The History Of Marbles Games

Ancient Marbles

The Most Simple Toy

Archaeologists speculate that the small clay balls found in the pyramid tombs of Egyptian kinds were produced for marble games. It is thought that the Aztecs played a form of marbles. Clay marbles have been found in prehistoric pueblo ruins in the southwestern United States, in the classic periods Valley of Mexico ruins, and in the northern plains.

The British Museum in London displays marbles of clay, stone and flint that date back to ancient Roman and Egyption civilizations.

In Ancient Greece and Rome, children played games with round nuts, and Jewish children played games with filberts at Passorver. The Latin expression "relinguere nuces" - putting away childish things - probably refers to the polished nuts in these games. Although most early marble games were played with stone and nuts, some early Roman glass spheres have been found in Europe. Whether they were intended for jewelery or served as childrens' toys is not known.

A second century roman, Athenaeus writes of a game of marbles in which the suitors of Penelope in the Odysseey shot their alleys against another marble representing the queen. The first player to hit the queen marble had another turn, and if he was successful again he was considered to be the probable bridegroom.

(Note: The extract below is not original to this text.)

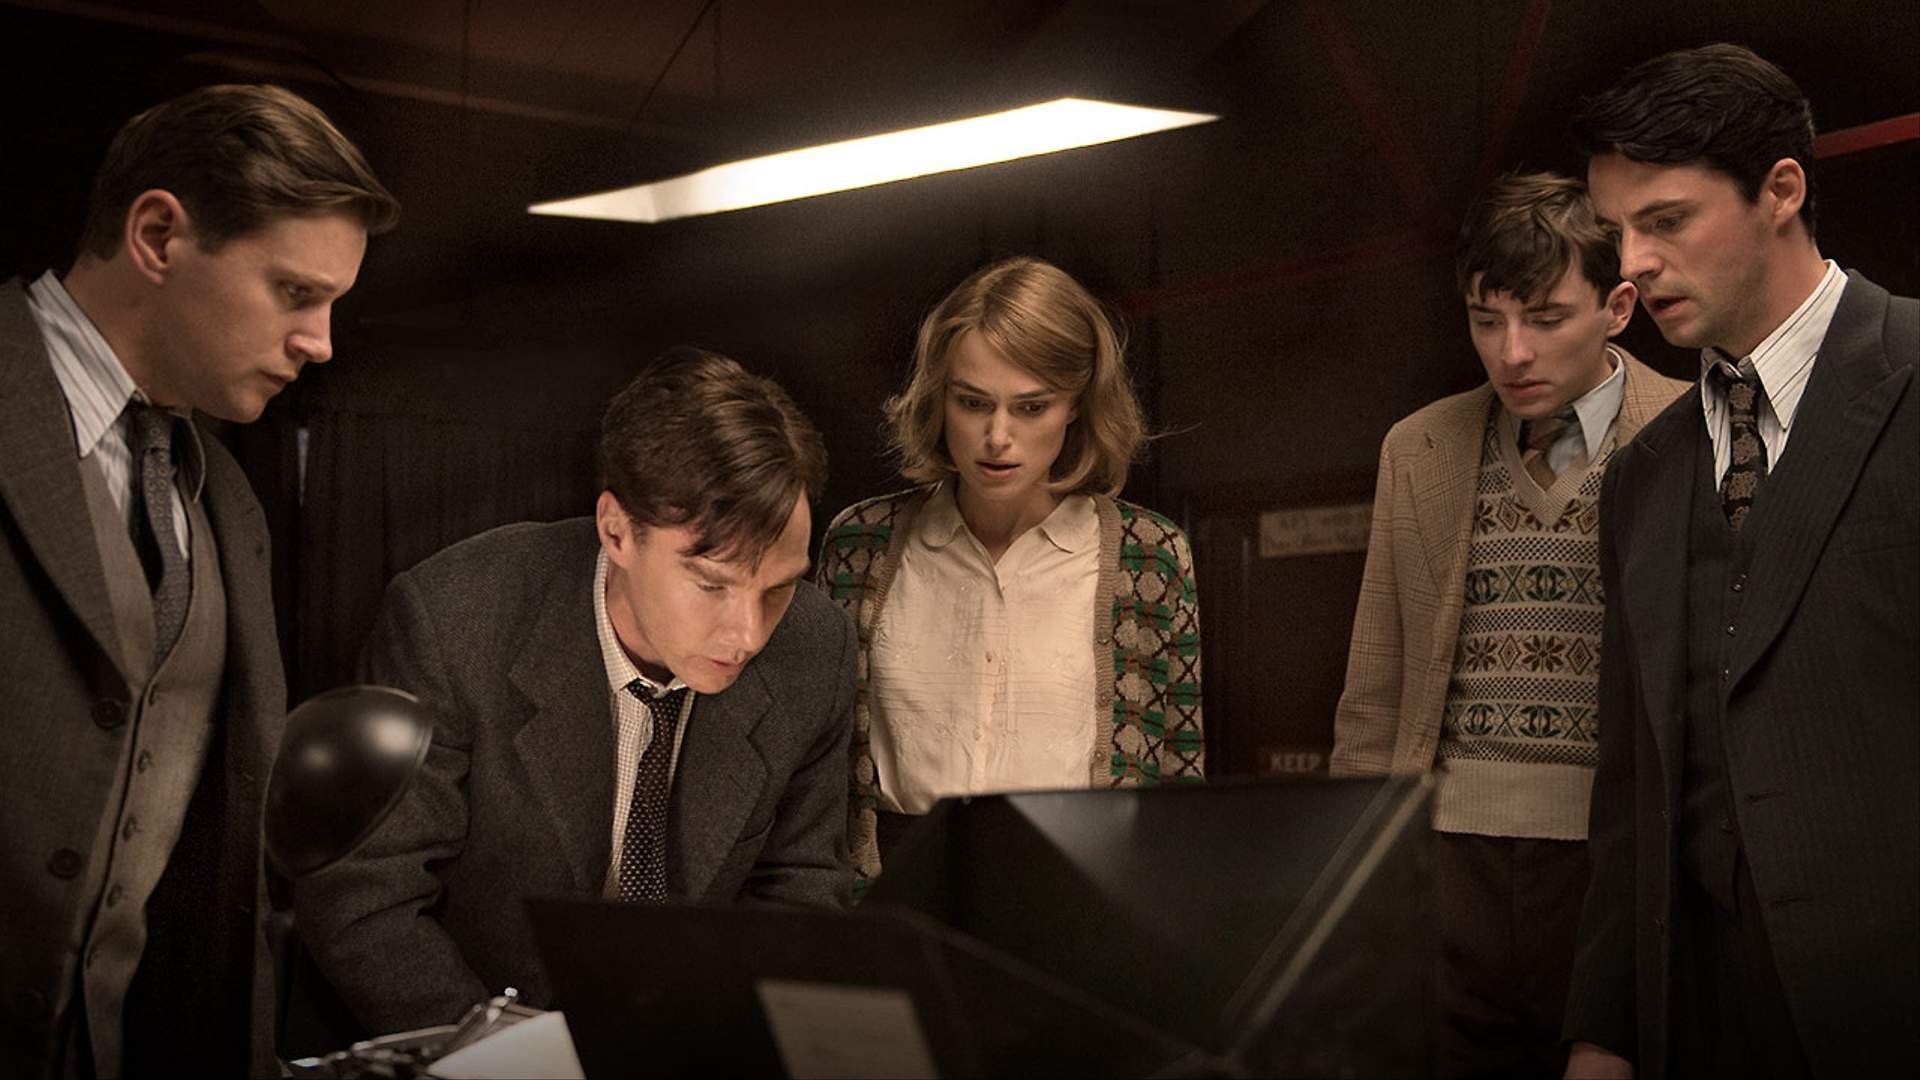 The Imitation Game: The wartime efforts of Alan Turing, whose work was essential to defeating the German army, 2014, Drama. 1920x1080 Full HD Wallpaper.

Glass marbles are thought to have been some of the many glass objects made in ninth century Venice, but it is not until the late middle ages that the playing of marbles games is again documented. It appears that by then marbles were known throughout Europe. A manustript from the fifteenth centruy refers to 'little balls with which schoolboys played". In 1503 the town council of Nurenberg, Germany, limited the playing of marble games to a meadow outside of town.

The popularity of marbles in England during the Middle Ages is evidenced in the town council statues of the village of Saint Gall, which othorized the user of a cat-o-nin-tails on boys who played marbles under the fish stand and refused to be warned off". A painting by Pieter Brueghel the Elder, "Children's Games" dated 1560 shows a scene of children playing marbles.

Archeologists have discovered marbles in the ruins of homes from this period, including the home of protestant Martin Luther.

In 1720 Daniel Defoe, the author of Robinson Crusoe wrote of a marble player "so dexterous an artist at shooting the tittle alabaster globe.. that he seldom missed."

Transition Marbles

Toward the end of the nineteenth century American entrepreneurs began to vie for a share of the German-dominated marble industry. Early attempts to compete with Germain production of handmade marbles provided commercially unsuccessful.

James Leighton, who founded and worked for a variety of turn of the century marbles companies, developed a new tool, a mold on a pair of tongs. This tool made it possible to create glass marbles that had only one pontil, the rough mark left on the glass when it was removed from a long steel rod called the punty. These marbles, today known as transitions, were a first step on the path top producing machine made marbles. They were made between 1896 and 1901.

The first truly machine made marbles were manufactured by an inventive Danish immigrant, Martin Frederick Christensen around the turn of the century. By the 1920s, machine -made marbles had supplanted the imports from Germany. World War 1 closed down many German marble mills, and they were never reopened. Imported German handmade marbles were to become a thing of the past as twentieth century progressed, bringing with it automation and mass production.